Norwig J
Bundesinstitut für Arzneimittel und Medizinprodukte (BfArM), Kurt-Georg-Kiesinger Allee 3, 53175, Bonn, Deutschland,
Bundesgesundheitsblatt Gesundheitsforschung Gesundheitsschutz. 2014 Oct;57(10):1158-68. doi: 10.1007/s00103-014-2032-2.
According to the EU Directive 2001/83 the European Pharmacopoeia is the official Pharmacopoeia of the European Union. Therefore the European Pharmacopoeia is one of the legal pharmacopoeial compendia in Germany. Any licensed medicinal product on the German market complies with the requirements of the compendial monographs, if applicable.
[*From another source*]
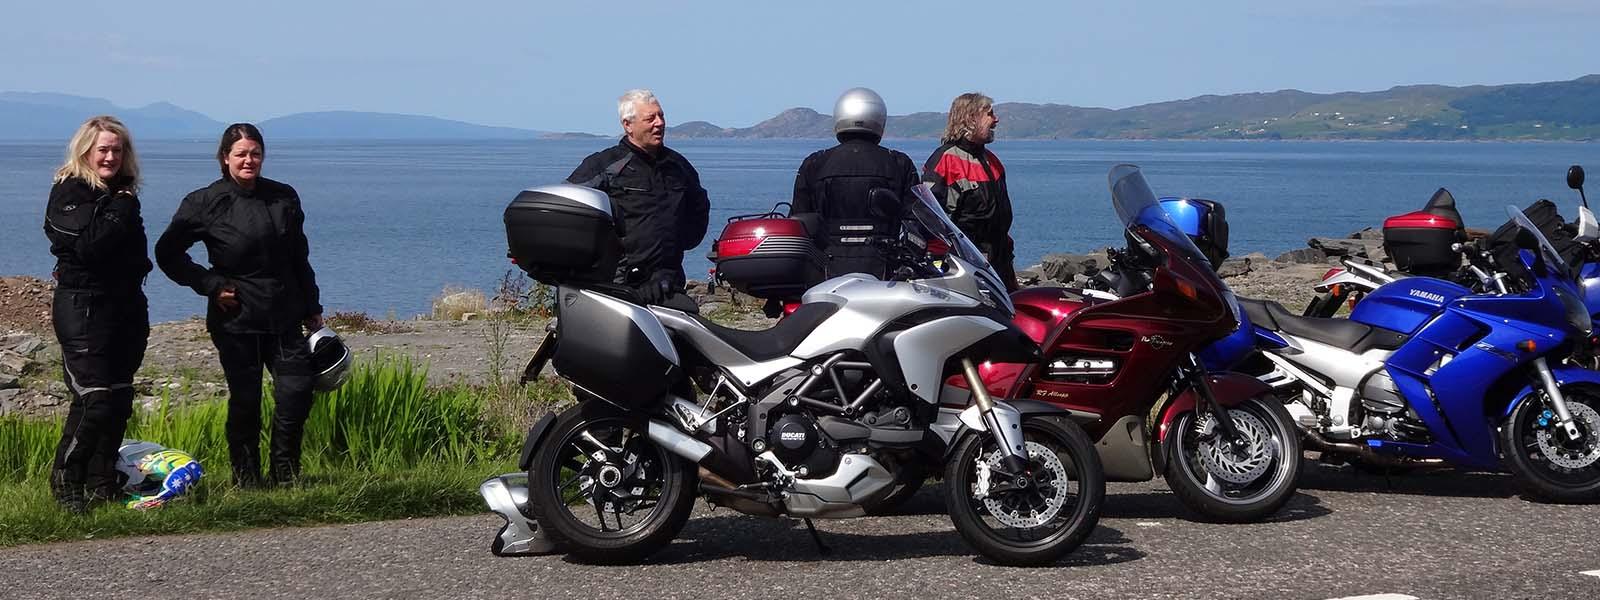 Scotlands West Coast Motorcycle Tour – Argyll & Bute / Kintyre
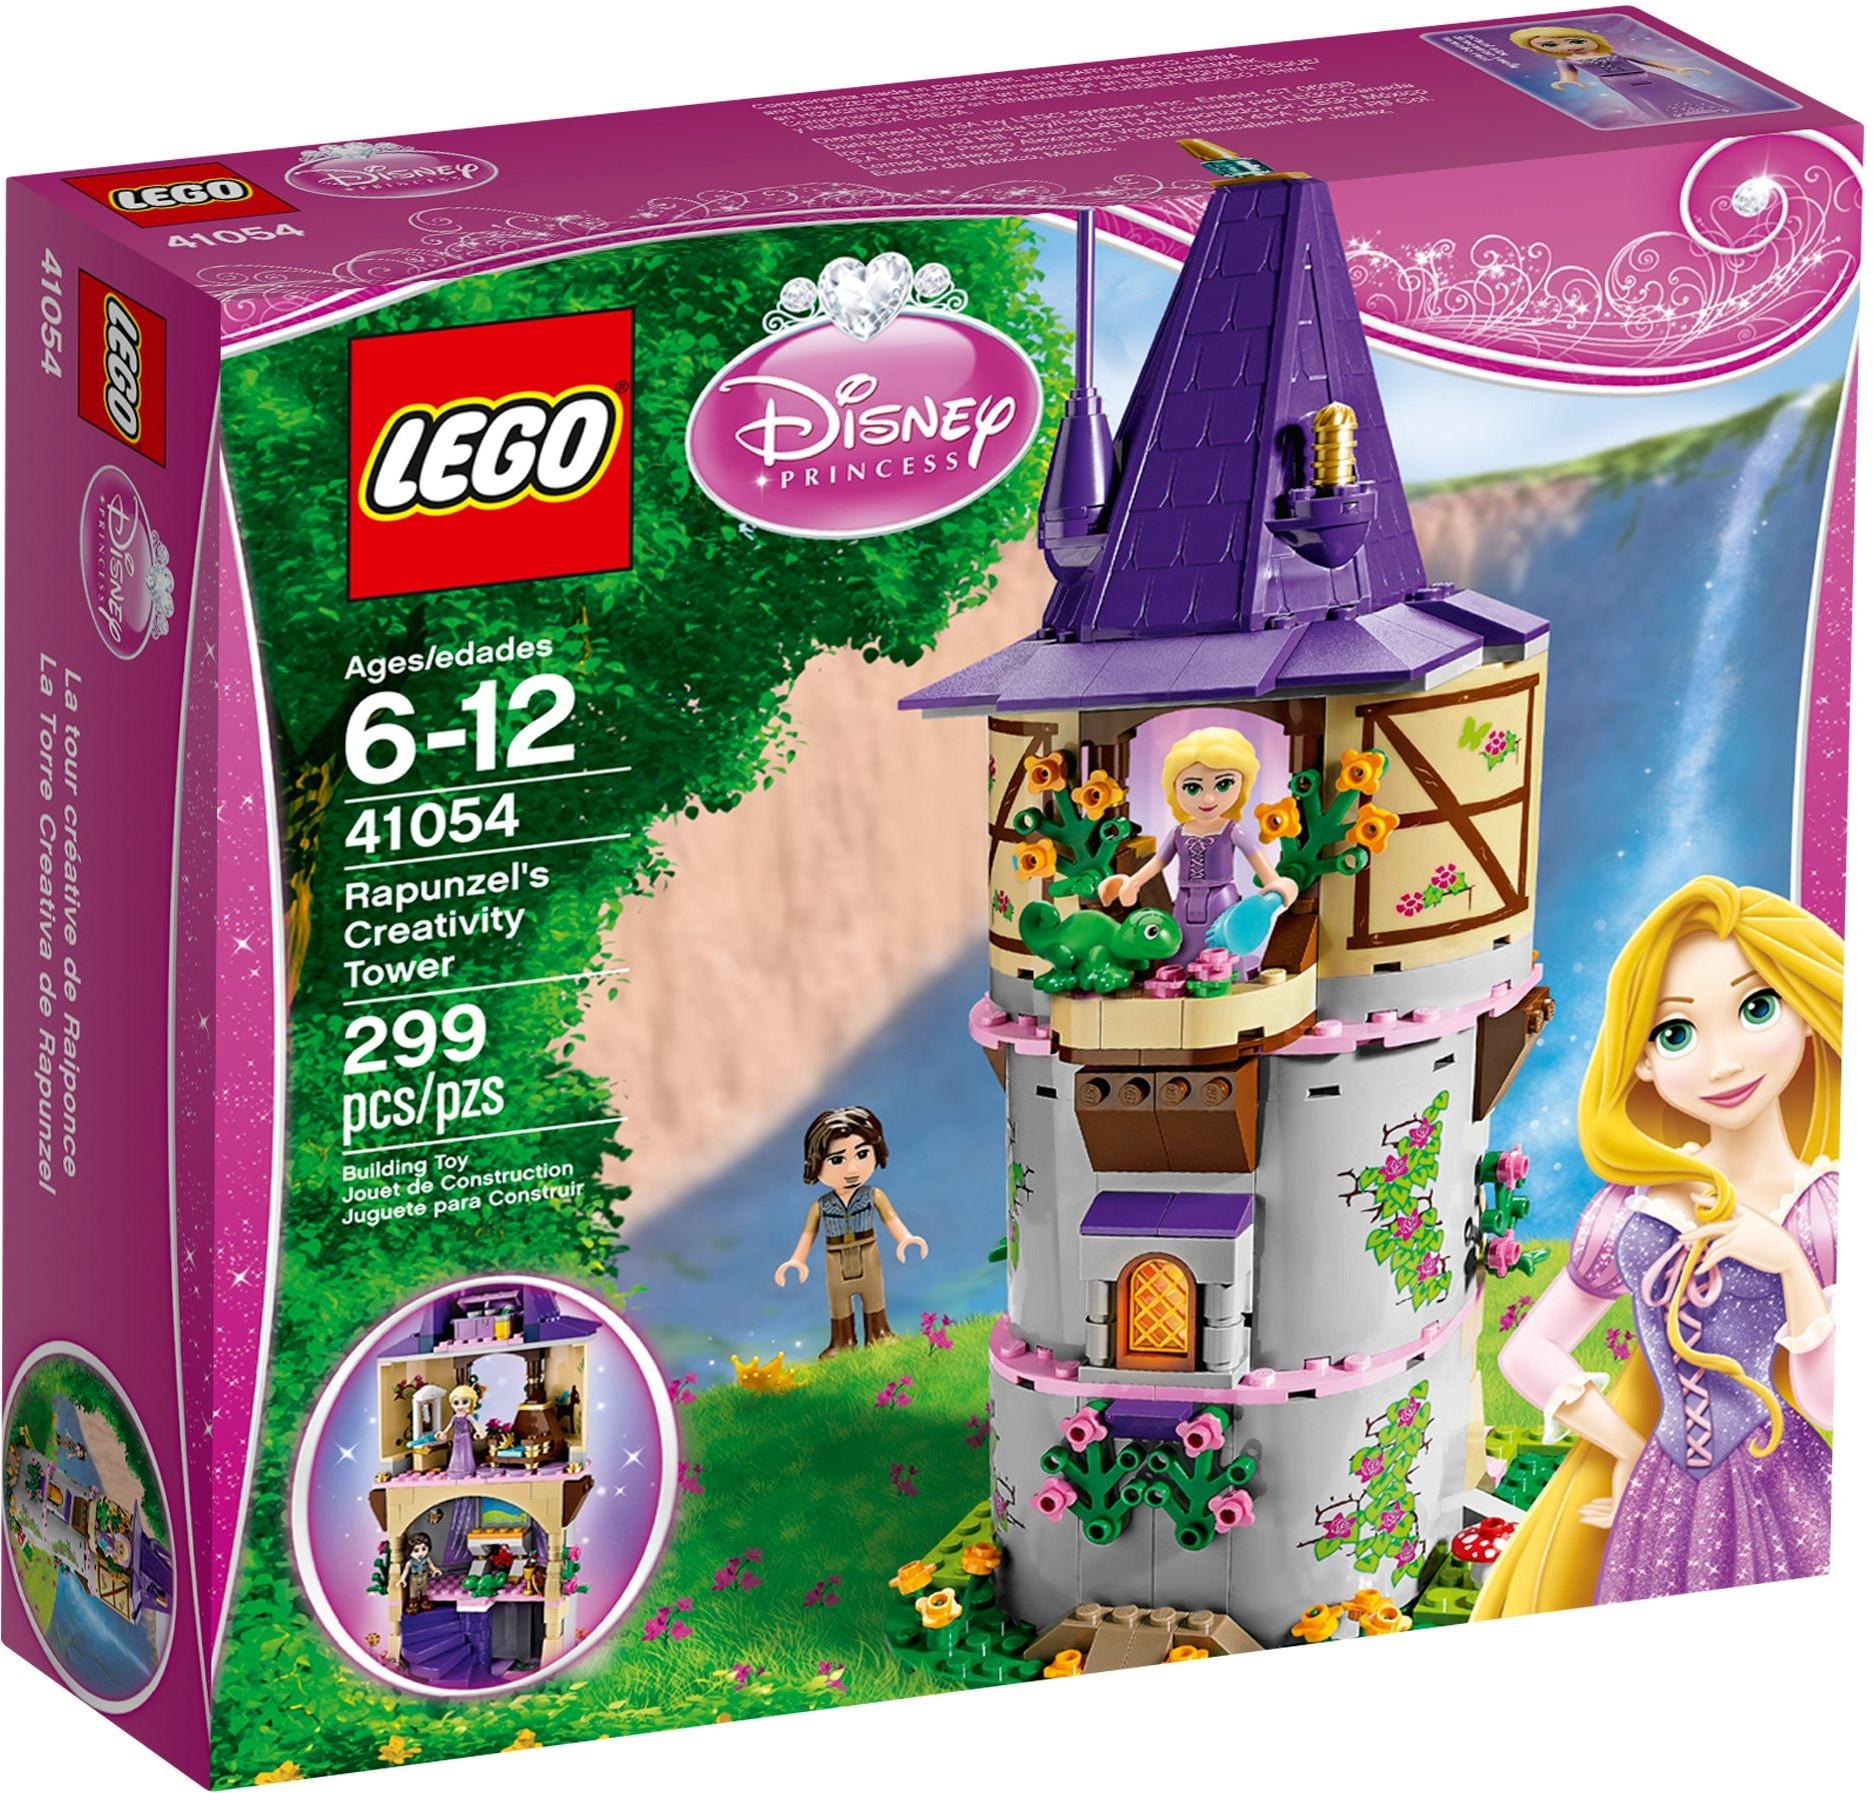 LEGO 41054 - Disney Princess - Rapunzel's Creativity Tower

Because the general monographs of the European Pharmacopoeia on Dosage Forms, Substances for Pharmaceutical Use and Pharmaceutical Preparations refer to the microbiological and biological methods of the Pharmacopoeia, the methods are relevant for medicinal products, too. This article presents a rough summary of the microbiological and biological methods of the European Pharmacopoeia and is intended to be a stimulus for the reader to better understand the original compendia. The short description of the methods mentioned, here, is a summary from the Pharmacopoeia and the non-official collection of comments on the texts of the European Pharmacopoeia.
根据欧盟指令2001/83,《欧洲药典》是欧盟的官方药典。因此,《欧洲药典》是德国法定的药典汇编之一。德国市场上的任何许可药品,如适用,均符合药典各论的要求。由于《欧洲药典》中关于剂型、药用物质和药物制剂的通用各论引用了药典的微生物学和生物学方法,这些方法也适用于药品。本文对《欧洲药典》的微生物学和生物学方法进行了简要概述,旨在激发读者更好地理解原始药典。此处提及的方法简短描述是来自药典以及关于《欧洲药典》文本的非官方评论集。